_PROBLEM_
Your task is to copy the lines of the data below from the line holding "ホグワーツの大広間 75954 レゴの商品情報 レゴの説明書・組立方法 61 page" through the line holding "Sudadera negra con", inclusive, exactly and with nothing added.

_MATERIAL SUPPLIED_
=-=-=

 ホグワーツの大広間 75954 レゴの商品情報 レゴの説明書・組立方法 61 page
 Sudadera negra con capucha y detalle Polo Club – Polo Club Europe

=-=-=

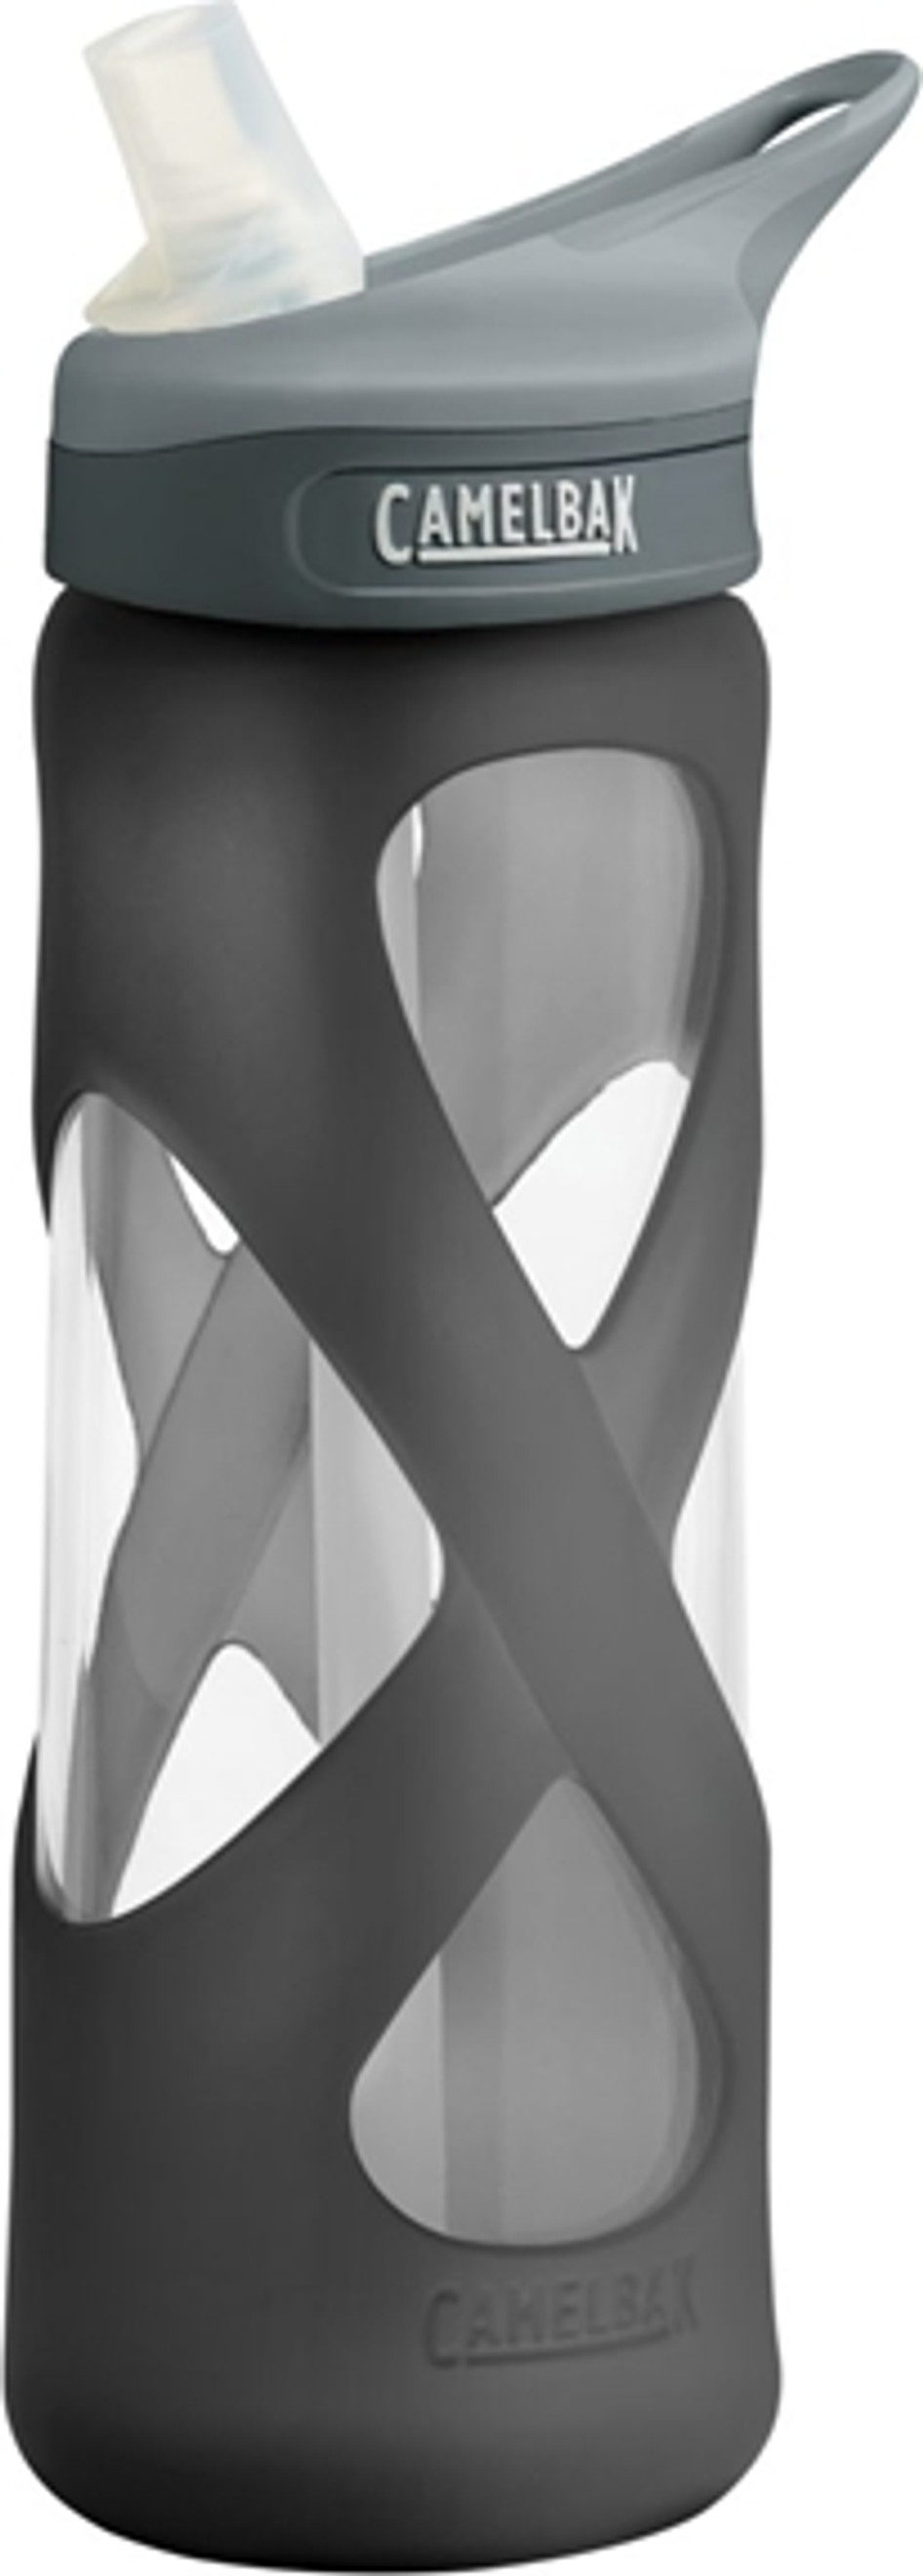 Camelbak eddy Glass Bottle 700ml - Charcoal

=-=-=

_RESPONSE FOR THIS EXERCISE_
 ホグワーツの大広間 75954 レゴの商品情報 レゴの説明書・組立方法 61 page
 Sudadera negra con capucha y detalle Polo Club – Polo Club Europe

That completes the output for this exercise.